WHAT TO WORK ON: A precise copy of the data is required, with every picture left out.

*** GIVEN MATERIAL ***

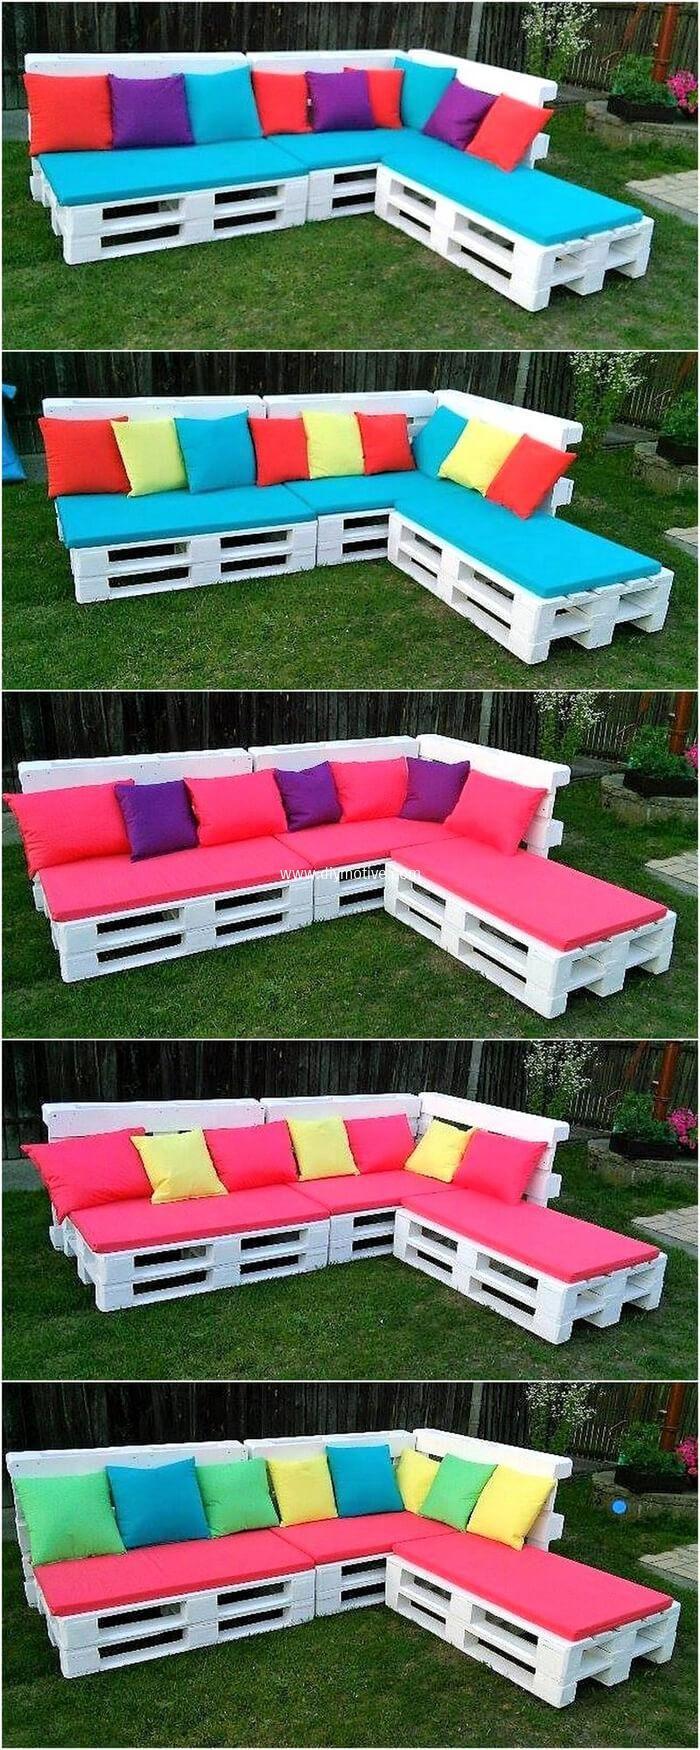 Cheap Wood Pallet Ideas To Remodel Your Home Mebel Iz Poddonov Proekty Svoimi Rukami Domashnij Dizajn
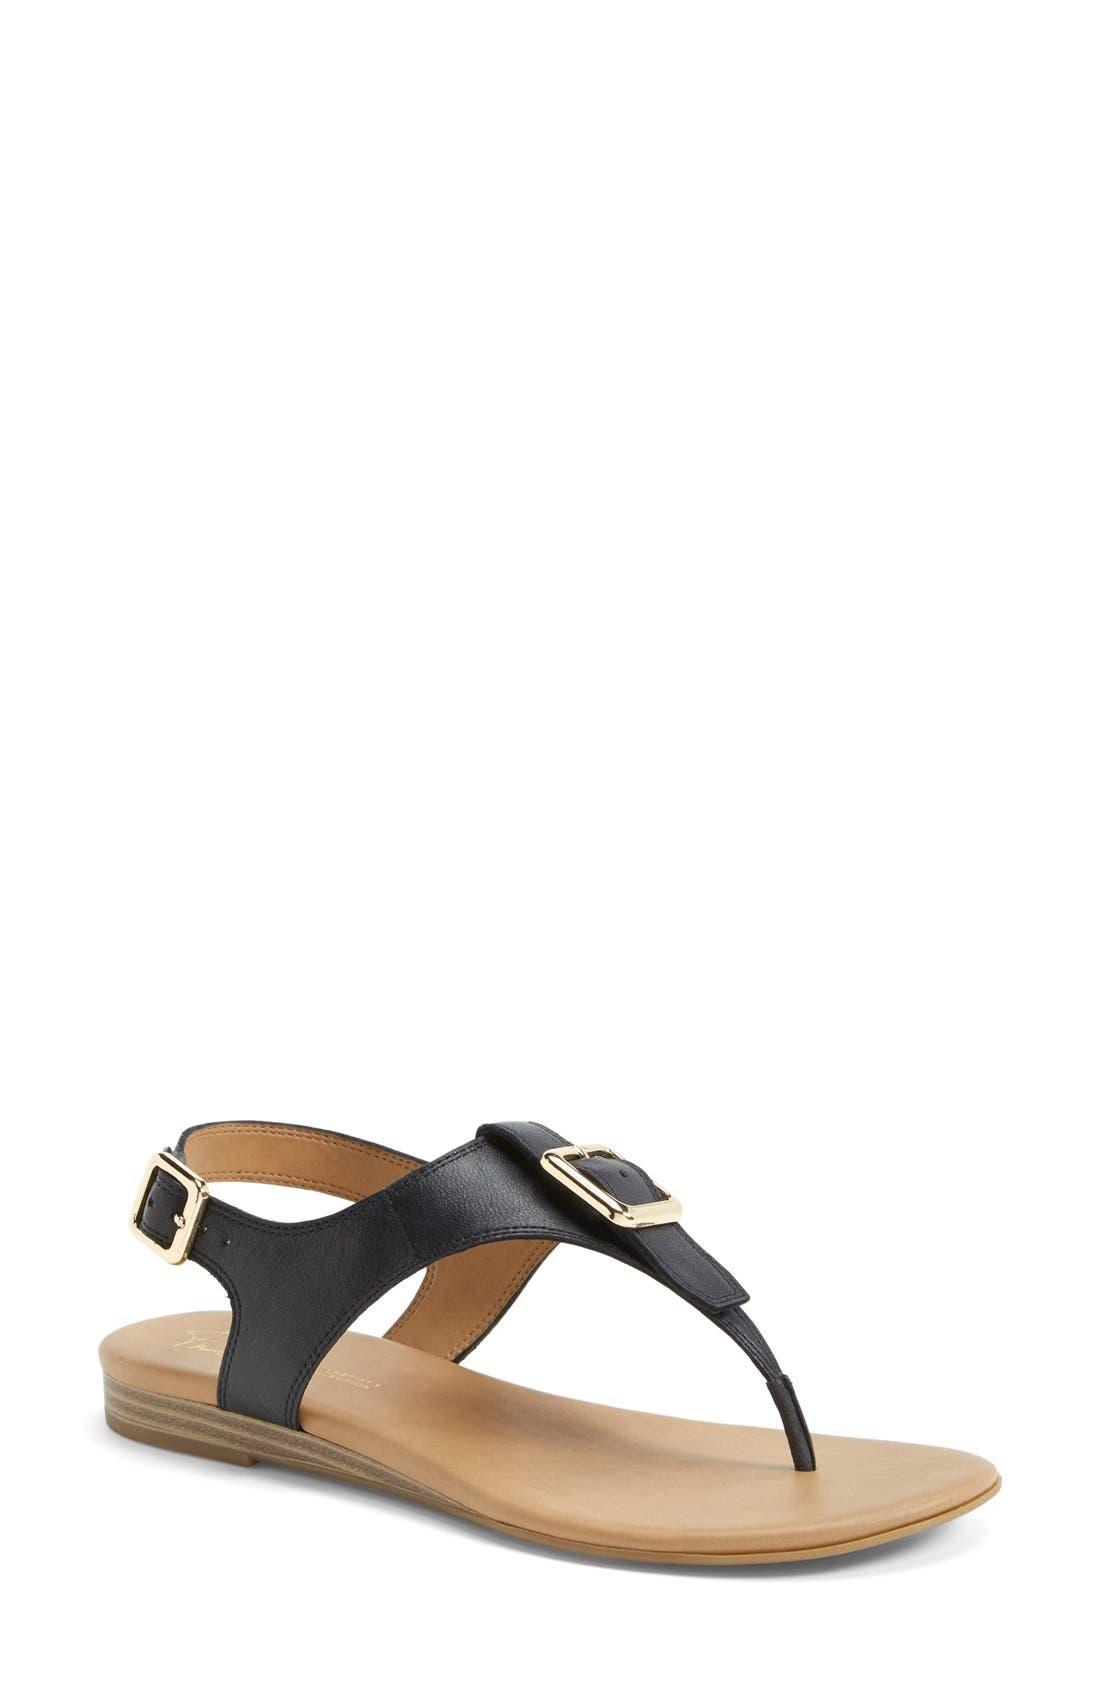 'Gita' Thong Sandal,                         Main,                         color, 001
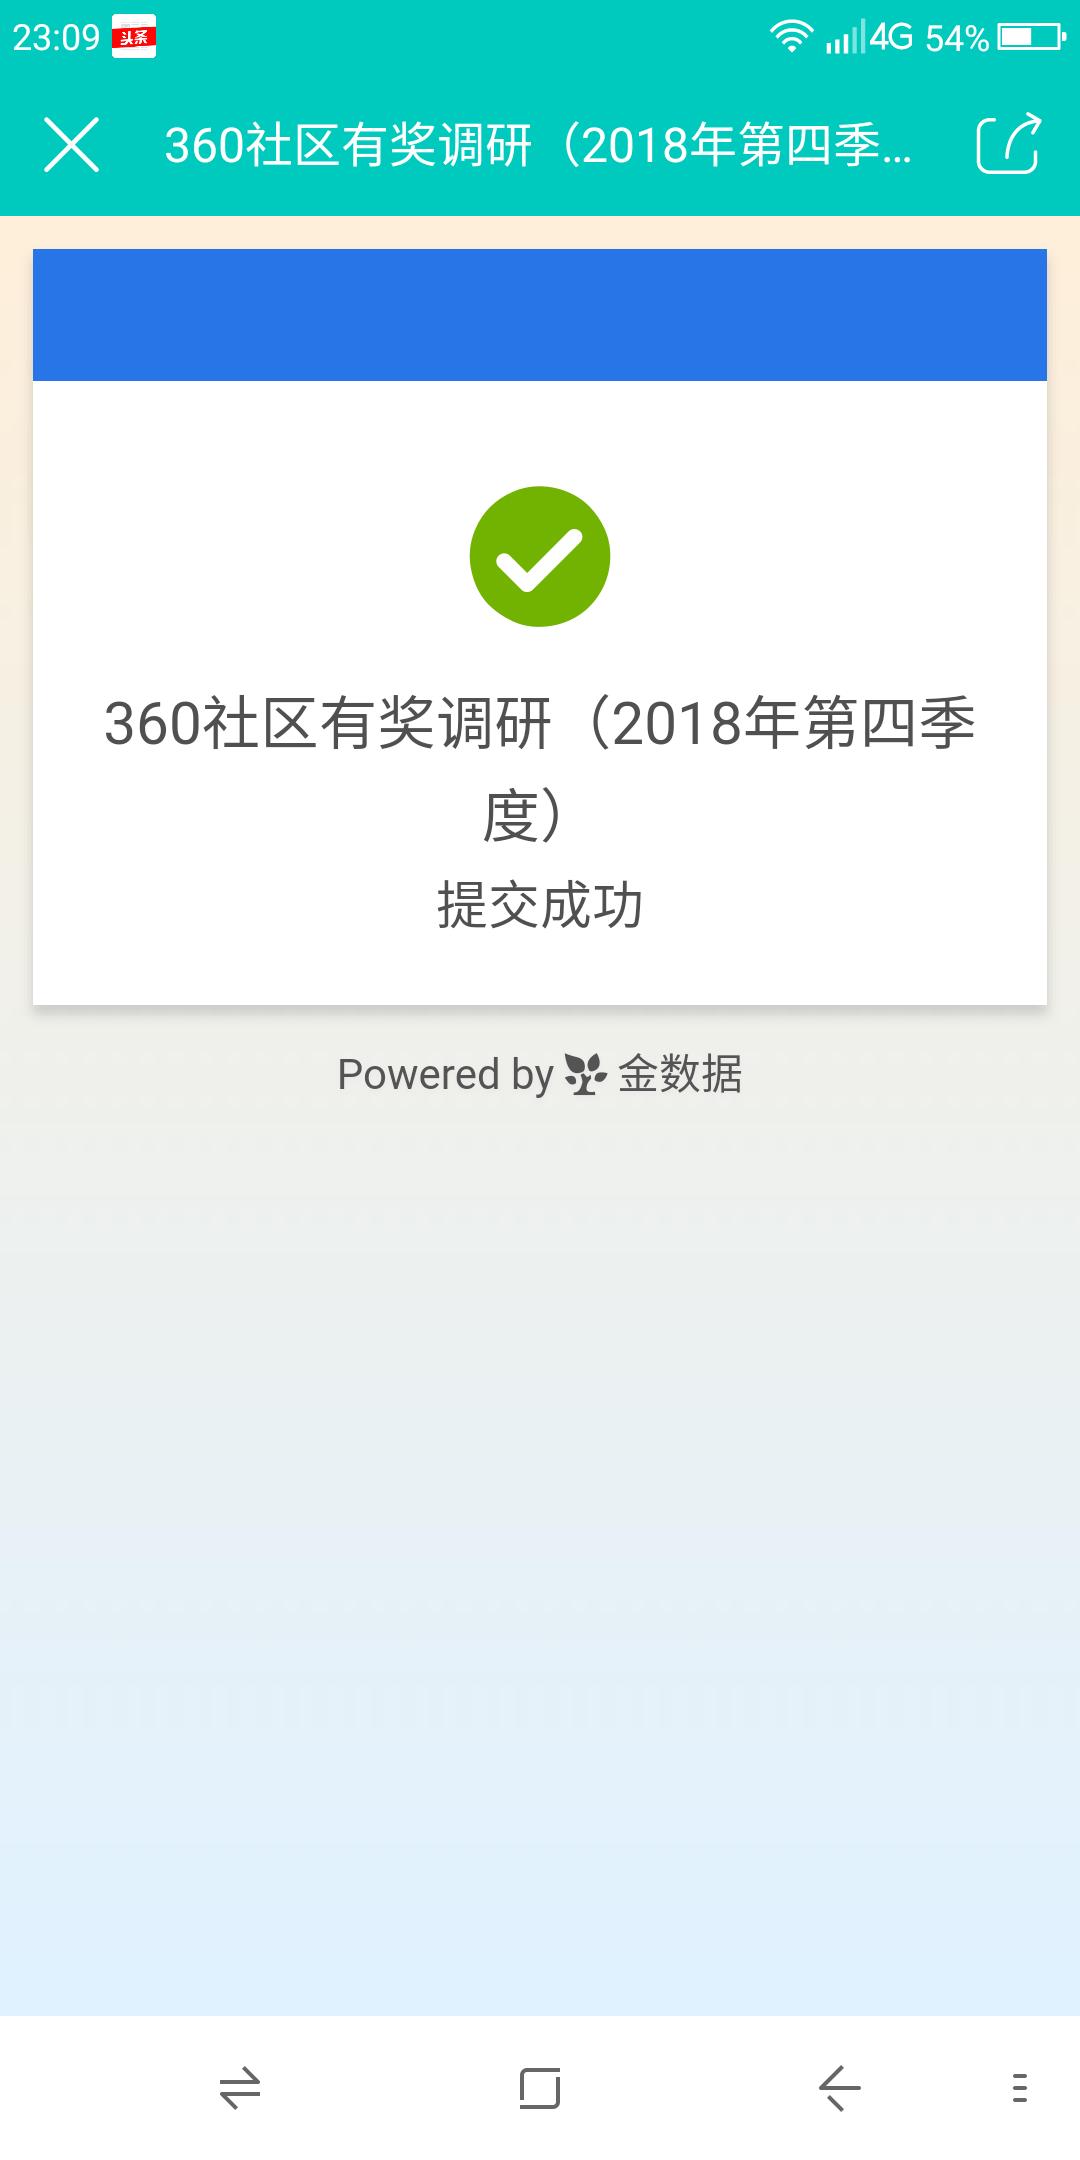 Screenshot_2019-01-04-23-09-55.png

*** End of GIVEN MATERIAL ***

ANSWER TO THE EXERCISE:
 Cheap Wood Pallet Ideas To Remodel Your Home Mebel Iz Poddonov Proekty Svoimi Rukami Domashnij Dizajn
 'Gita' Thong Sandal,                         Main,                         color, 001
 Screenshot_2019-01-04-23-09-55.png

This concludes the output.